Между тем Пётр, не получая ответа от Нечаева, послал снова требование выдать Шакловитого со всеми сообщниками и приказывал служилым иноземцам прибыть к нему к Троице. Генерал Гордон, начальник иноземцев, по поводу этого царского приказания обратился к заведывавшему иноземным приказом, князю Василью Васильевичу Голицыну. «Я доложу об этом старшему царю», – сказал Голицын Гордону. Но Гордон не счёл нужным ждать доклада, – он понимал, что Голицын только тянет время, выжидая, не обратятся ли обстоятельства к пользе Софьи.
По приезде ж помянутой князь Прозоровской к Москве, учиня рапорт царю Иоанну Алексеевичу, которой был в его, Прозоровского, руках и воле, начал и он, Прозоровской, стараться, дабы Щегловитова царевна София выдала, и сама ж также ретировалась в монастырь.
26 августа [1689] вечером она опять ходила молиться в Новодевичий монастырь, оставалась там всю ночь и воротилась в Москву за час до света. Все эти благочестивыя ночныя бдения совершались однакож с тою целью, чтобы свободнее вести переговоры с стрельцами, ибо стрельцы всегда непременно сопровождали царскую особу, особенно в ночных выходах.
С Софьей обещано поступить «нечестно»
Возвращаясь к начатому, скажу, что две тётки и сестра царевны направились в Троицу, чтобы примирить своего племянника с племянницей. Когда они прибыли в место, служившее царю убежищем, то просили его не верить слухам, что напугали его [напрасно]. Они уверяли его, что он не разобрался в этом деле, что злонамеренно захотели поссорить брата с сестрой, и что можно безопасно вернуться в Москву. Пётр дал понять этим дамам, что его страх не был напрасным, что действительно хотели убить его мать, жену, дядьев и его самого, и назвал столько обстоятельств покушения, что его тётки не смогли опровергнуть сам факт. Тогда эти царевны принялись плакать, уверяя, что они вовсе не были причастны к этому ужасному заговору, и решили не возвращаться более в Москву, а остаться жить или умереть с ним.

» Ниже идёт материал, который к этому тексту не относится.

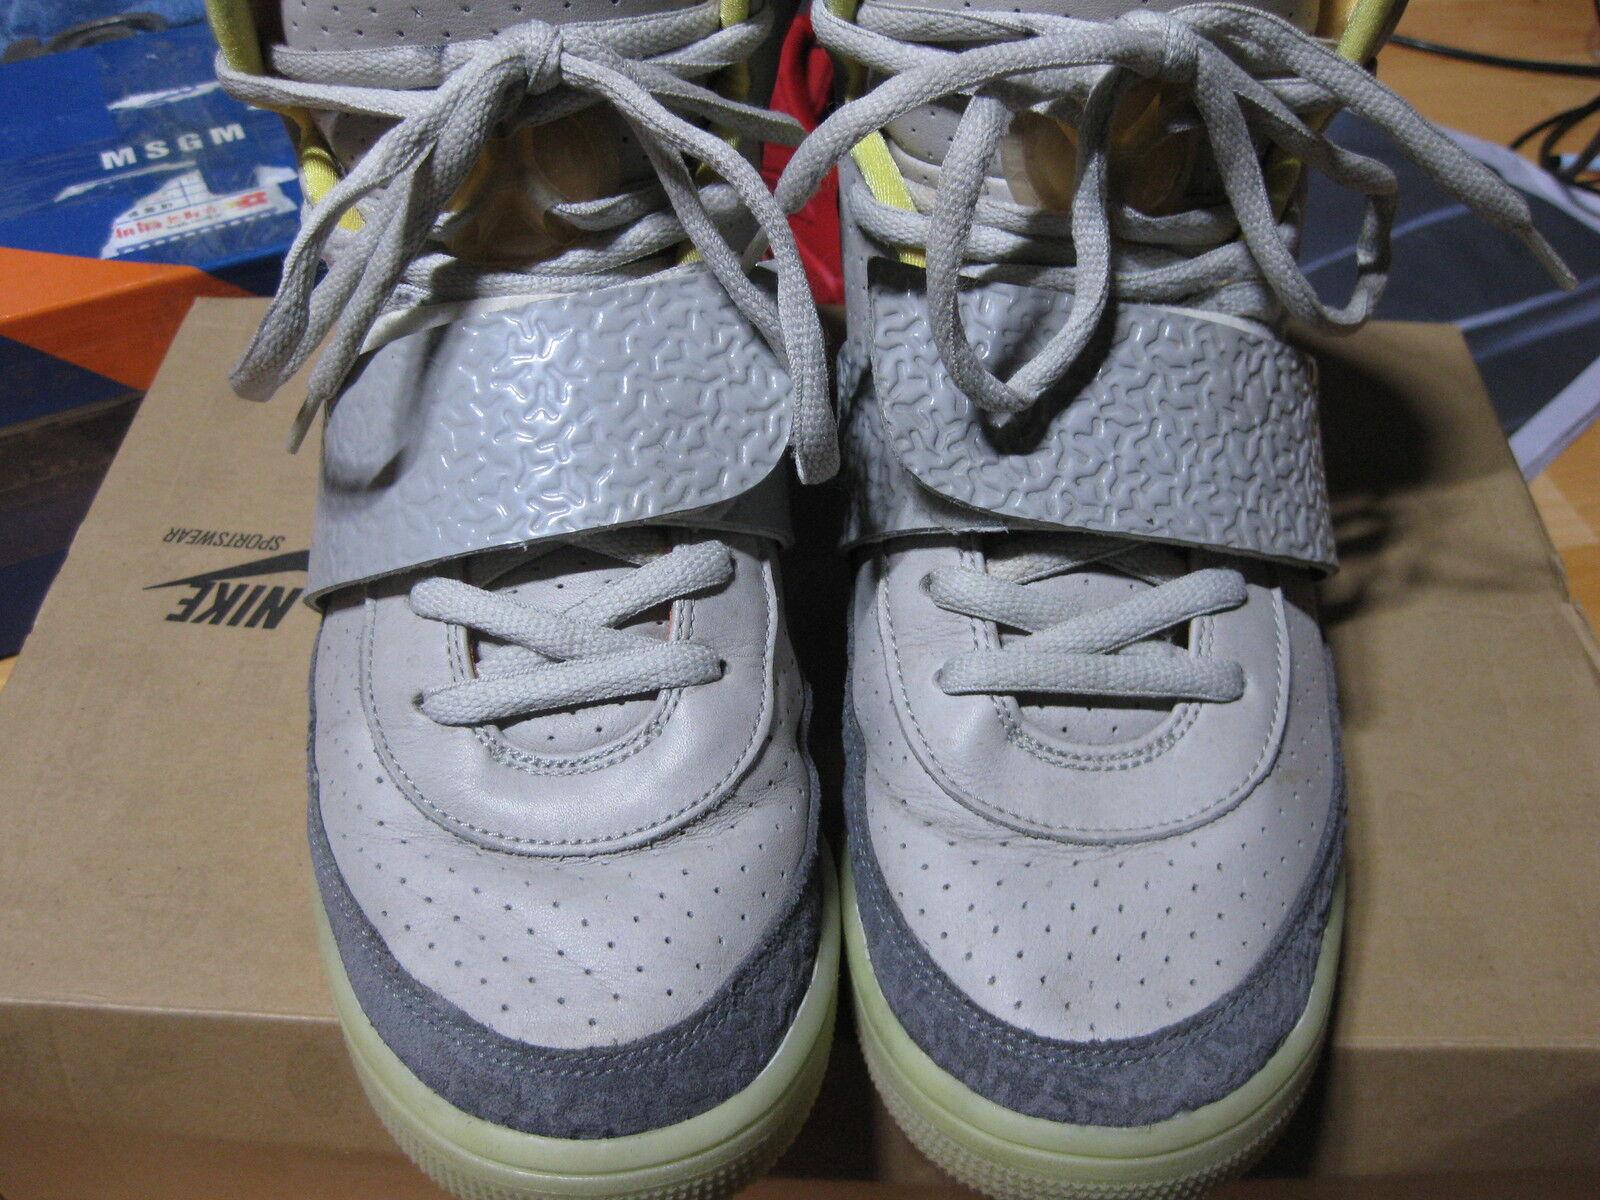 Nike Air Yeezy 9 1 Zen Gray Sz 9 Yeezy 2449a5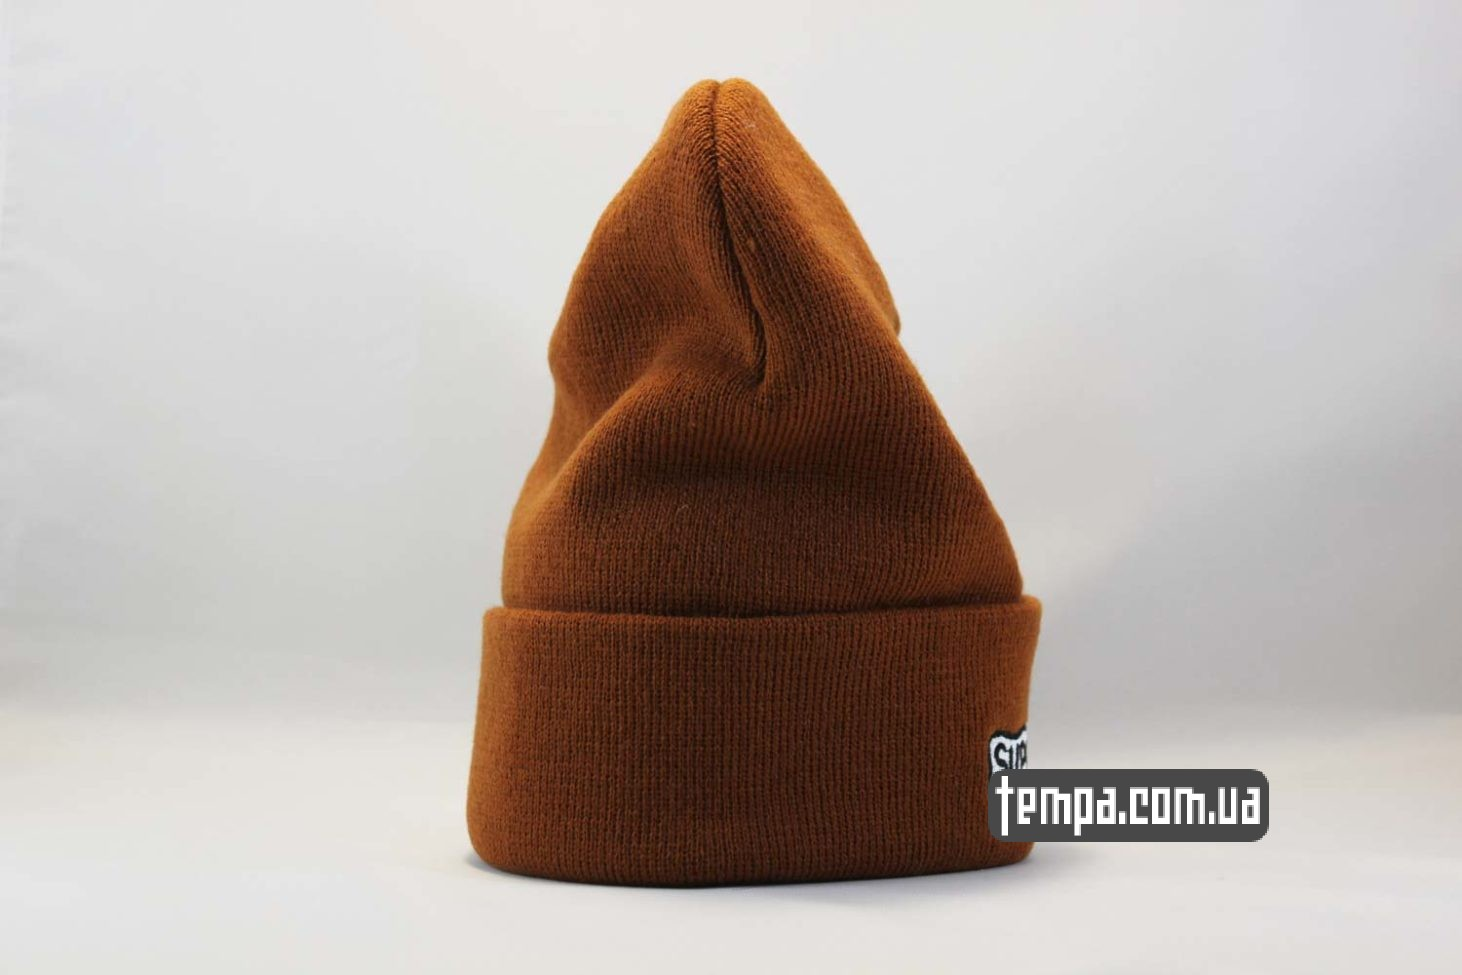 магазин Украина шапка beanie SUPREME supream coolio коричневая

Софья вынуждена была сделать новую попытку примирения – отправить к брату патриарха. Может быть, с ним же, если не раньше, поехала и царевна Татьяна Михайловна. Приехав в Троицкий монастырь, патриарх остался там совсем, чем нанёс Софье новую тяжёлую рану. Попытки сманить стрельцов Сухарева полка остались тоже безплодными. С каждым днём почва из под ног царевны ускользала всё более и более.
Между тем, как Цари указали исключить, из своего титула, имя Царевны правительницы, София слёзно просила патриарха: ходатайствовать за неё у юных Царей; но просьба ея была отвергнута. – Правительницу обвинили: 1.) что она домогалась престола, и для того посылала к вселенским патртархам, просить у них грамат на право носить корону, и поминать её в церквах вместе с братьями, о чём Голицын имел переговоры с архимандритом из афонския горы, Исайею; 2.) посягала на жизнь юнаго Петра, Царицу Наталию и всего царскаго рода.
Ещё забыл упомянуть, что царевна Татьяна Михайловна, тётка царя Петра Алексеевича, также в Троицкой монастырь пришла и была во всю ту бытность. И так, по приезде патриарха Иоакима и бояр и всех знатных уже двор царя Петра Алексеевича пришёл в силу, и тем начало отнято правлению царевны Софии, и осталось в руках царя Петра Алексеевича и матери его, царицы Натальи Кирилловны.
Софья, видя, что борьба с Петром неравна, устроить с ним мировую через других не удаётся, сама поехала к Петру…
Но могучая энерия этой замечательной женщины была уже надломлена. Много и часто молилась она в эти недели, полныя тревоги; но на этот раз царевна чувствовала особую потребность в поддержке свыше. Что-то ждёт её там, среди озлобленных врагов?.. За два часа до вечера она отслужила напутственный молебен в Успенском соборе, обошла другия кремлёвски святыни: собор Архангельский, Вознееснский и Чудов монастыри; побывала на Троицком подворье и в церкви Вознесенья, что на Никитской. Отсюда, с чудотворной иконой Казанской Божией Матери, она зашла ещё вознести свою последнюю молитву в Казанский собор и только тогда двинулась в путь.